Opinion: On the Campaign Couch ... with JB

Q: The other day I saw a programme of TV ads from the past and lots of them were still great - why aren't they recycled and re-used, thus reducing the waste of producing new ads which often aren't so good?

A: Lots of reasons; some sound and commercial and some deeply, shamefully irresponsible. Let's start with the first group: it's much the smaller.

Brands, if left alone, age. Or, to be a little more accurate, when brands are left alone, other competitive brands around them get regularly spring-cleaned and prettified. So that a brand that seemed in its mid-twenties 20 years ago, and hasn't aged a bit since, can quite easily seem to be ready for the retirement home when auditioned against all those sprightly alternatives that have been so lovingly and consistently refreshed. Brands, if left alone, decline. The fact that this is relative rather than absolute is irrelevant. All brands appeal relatively.

So there is a genuine danger that clothing a brand in its old advertising, however wonderful, will very gradually condemn that brand to playing smaller and smaller bit parts. And once a brand is considered only for bit parts, it will never be picked to play the lead again.
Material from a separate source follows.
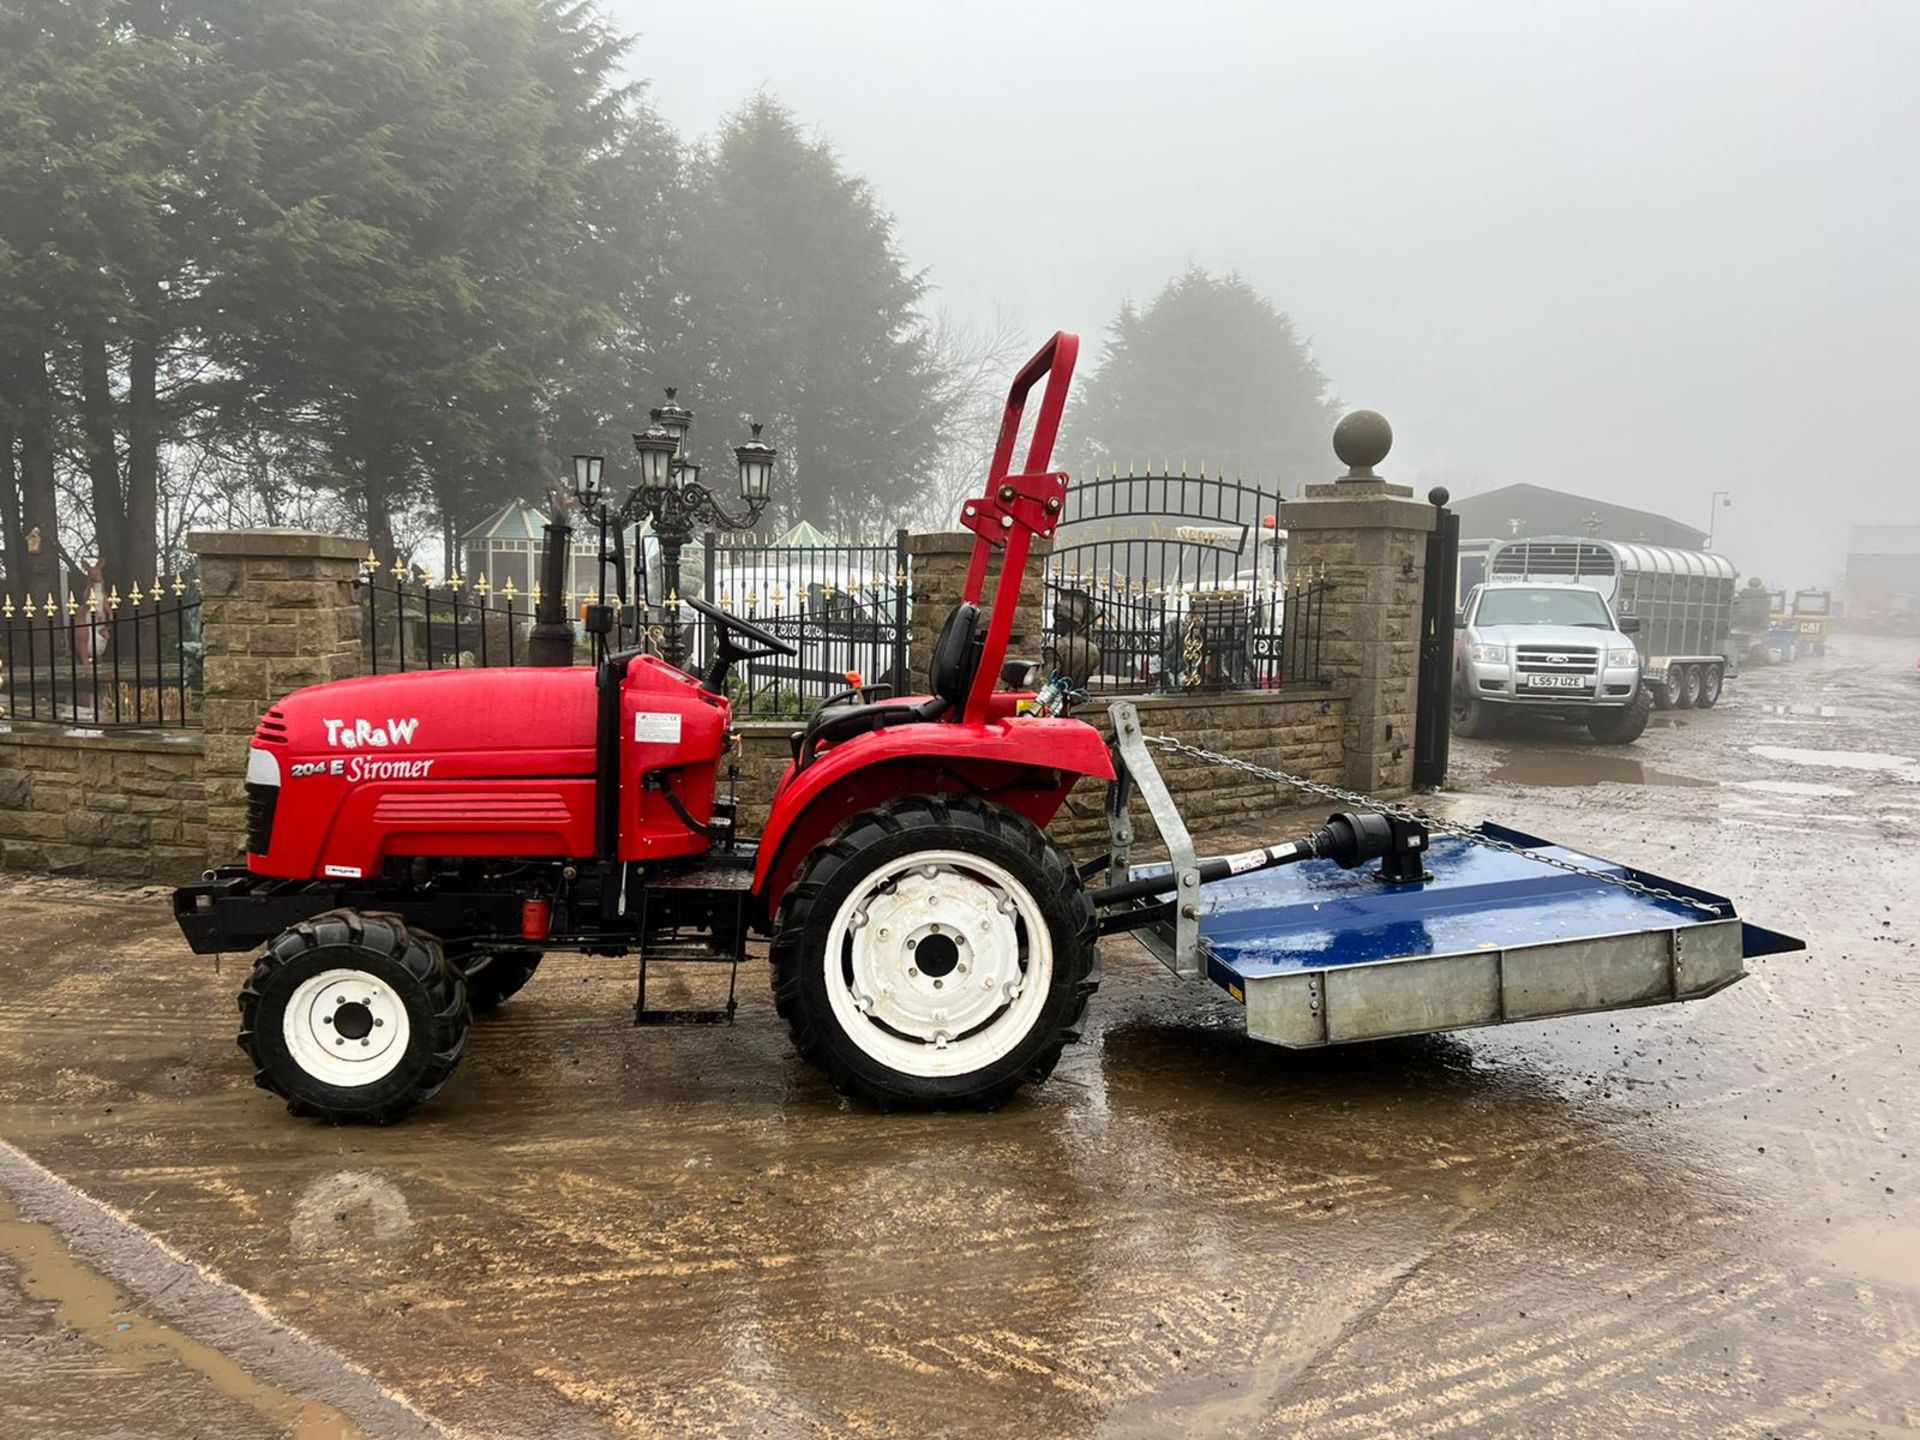 SIROMER 204E 20hp 4WD COMPACT TRACTOR WITH TOPPER, RUNS DRIVES AND CUTS, 326 HOURS *PLUS VAT* - Image 3 of 15

There are some exceptions. Brands that put great store by their provenance, or brands that are celebrating more-or-less authentic anniversaries, can use good old advertising to great effect. Persil and Hovis have been doing it recently but neither will be doing it for very long.

Then there are the deeply shameful reasons for good advertising being prematurely retired. It's mostly to do with our old friend churn, what I wrote about recently. New marketing directors, new advertising agencies, new company owners all like to make a public statement: "Things are different round here! We're shaking things up!"

And the budget they hijack in order to make that statement is the brand's budget. The trouble is, the brand may well not need to be shaken up at all. What most successful brands need is constant, affectionate maintenance. The real question to be asked of that wonderful advertising from years ago is not, why aren't they still running it? But why haven't they had the intelligence and sensitivity to develop its precise contemporary equivalent?

Agencies don't often look for inspiration from pack designers. But the best pack designers are brilliant at making deft little regular changes to treasured packs so that, while never seeming to change, the packs never get any older. That's an extremely unselfish skill; they're not using the brand's money to say, look at me! But then the best brand custodians have always been unselfish people.

Q: I have agreed to be on a jury for a prestigious advertising awards jury. Other judges include clients, creatives, producers, writers, broadcasters. I have read the judging guidelines and as usual it's emphatically about innovation and originality. My experience as a consumer is that the most memorable advertising is sometimes not that original - it's just well done and engaging. My touchstone for this is "Compare The Meerkat/Market.com" - not that original, but clever, entertaining and strategically very astute. I think the judging guidelines would exclude it. So I'm not sure how hard to fight for that kind of work in the jury room. What do your 89 years of experience suggest?

A: Long ago (as it happens, 89 years ago exactly), the most prestigious creative award I knew was a Silver Quill from the WPN (or World's Press News). Awards were different then. They weren't assumed to be proof of efficacy or evidence of creativity. They applauded finely crafted pieces of persuasion in which some act of imagination had transformed the potentially banal into a delight. They tended to value what Henry J Heinz or George Washington Carver (or possibly both) set as their personal goals: "To do the common thing uncommonly well."

So I agree with you. Doing the common thing uncommonly well is precisely what a lot of brands need to do - and it's uncommonly difficult. It may well be the most difficult thing in the whole of advertising. I certainly reserve my greatest admiration for those who can do it. So perhaps, when you have your first meeting with your fellow jurists, you could suggest that a special award be allocated for just such a category. Examples are few and childishly easy to identify. And large chunks of the advertising trade - meaning those who appreciate fine advertising even more than fine advertisements - will rise up in gratitude for your enlightenment.